HISTORIOGRAPHY OF NEW ENGLAND LINK

In Not Just Anywhere: The Story of WHALE and the Rescue of New Bedford’s Waterfront Historic District there is a definite connection to the story of Route 9 in Middletown.  It offers a narrative of the efforts of the Waterfront Historical Area LeaguE to save New Bedford’s rich history by preserving its old waterfront business district from redevelopment and most importantly, highway construction.  In the 1960s urban renewal monies were targeted at New Bedford, and as part of the project a highway (Route 18) linking the city’s South End with the Interstate north of the waterfront was proposed.  Its original path was to cut through the heart of the historic district, but that plan was successfully challenged by WHALE.  However, when the highway was shifted to save the district, it effectively cut the district off from the physical waterfront and piers.  As had happened in Middletown, access to the harbor was severely limited and its presence in downtown New Bedford was fundamentally altered.  In the image below, the white-dotted line shows where the highway was proposed, and its final path can be seen under construction on the right side of the original route.

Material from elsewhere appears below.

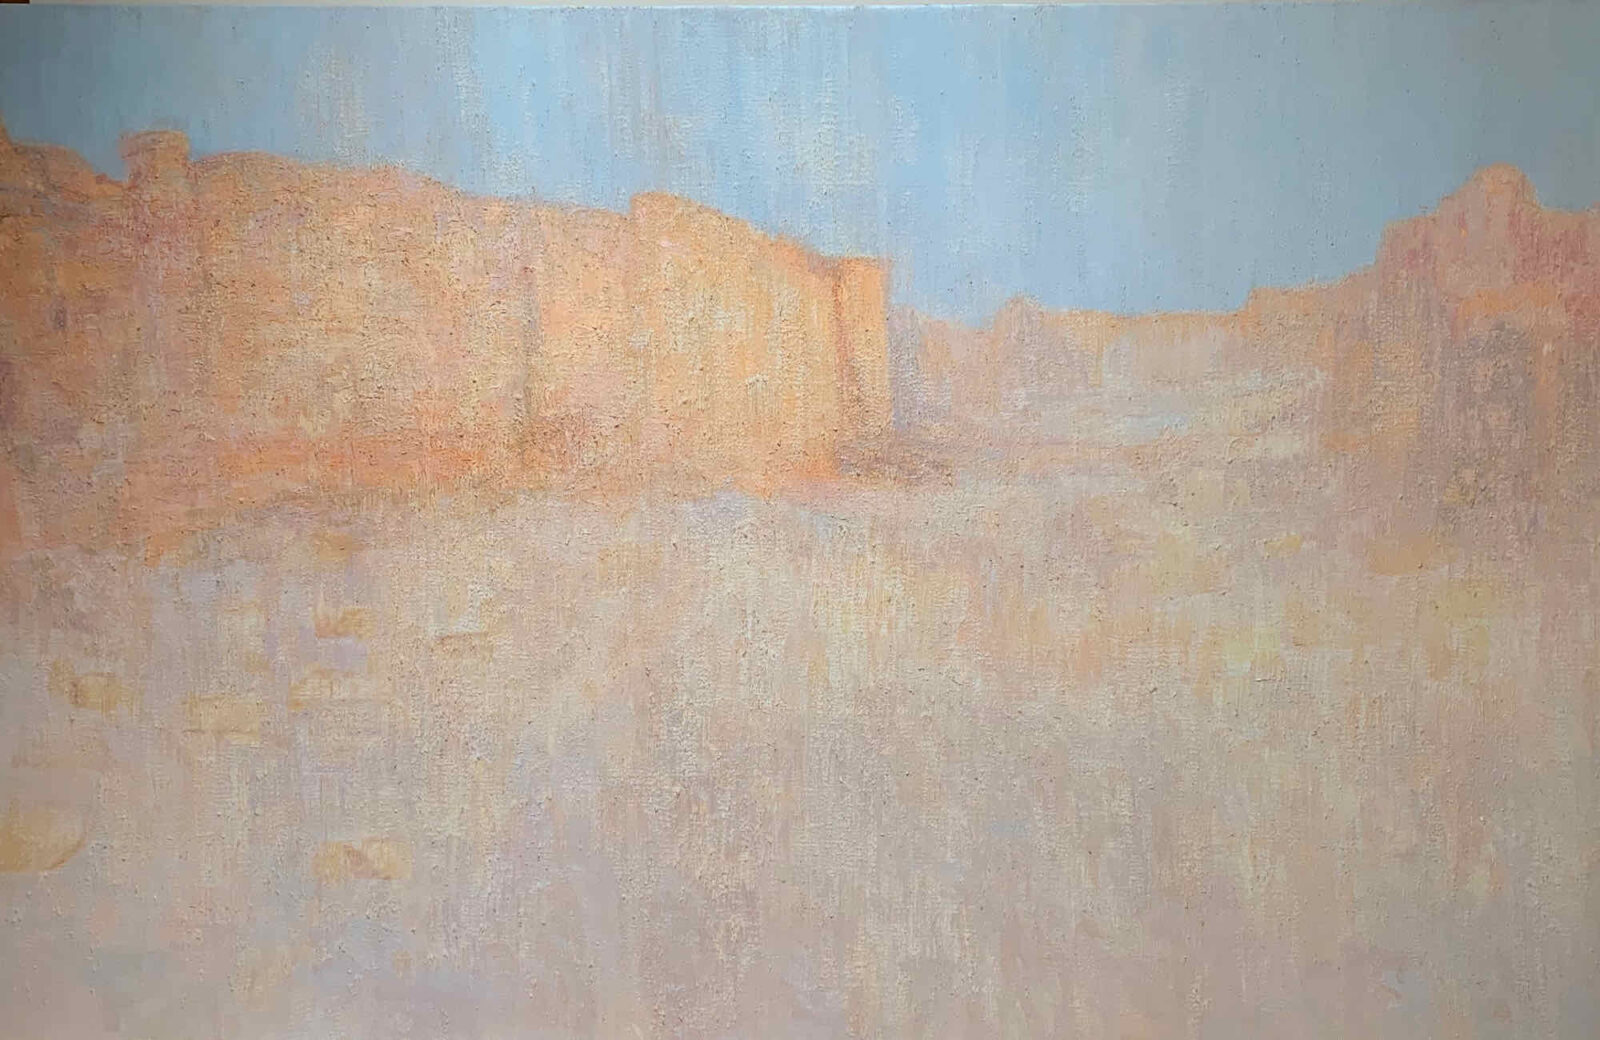 Liza Visagie - Desert Road. Rajasthan. Oil on Linen 53 x 83.5 inches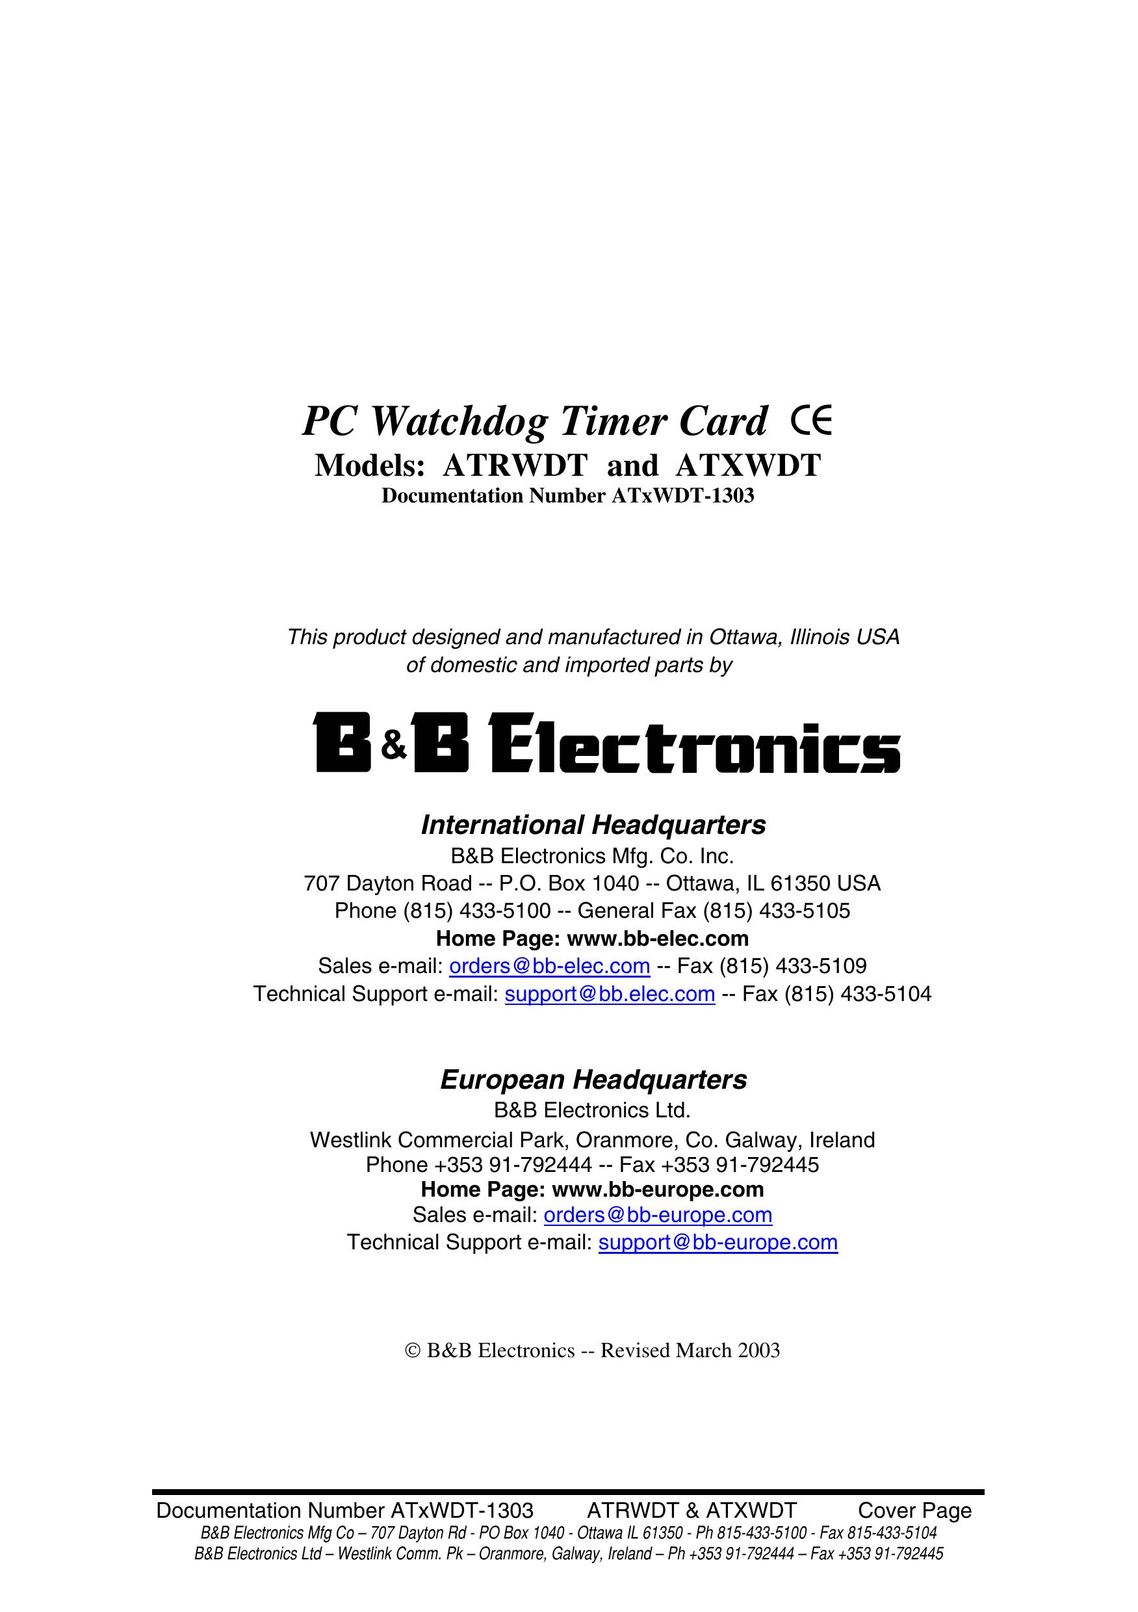 B&B Electronics ATXWDT Network Card User Manual

ALL IMAGES FROM: Marsha McCabe and Joseph D. Thomas, Not Just Anywhere (Spinner Publications: New Bedford, 1995)

So the story of Route 9 and the separation of Middletown from the water is not necessarily a unique one in the New England seafaring past.  New Bedford was once the whaling capital of the world, home at various times to Herman Melville and Frederick Douglas, and a commercially-powerful urban center for textile manufacturing.  It too was severed from the waterfront, yet in a less absolute way.  The fishing industry still thrives in New Bedford thanks to George’s Banks, and the Whaling Museum, a world-class institution, keeps vital New Bedford’s sense of its past.  Perhaps New Bedford’s size and the fact that its golden age was more recent than that of Middletown’s have played a role in the city’s relative success in overcoming a waterfront highway.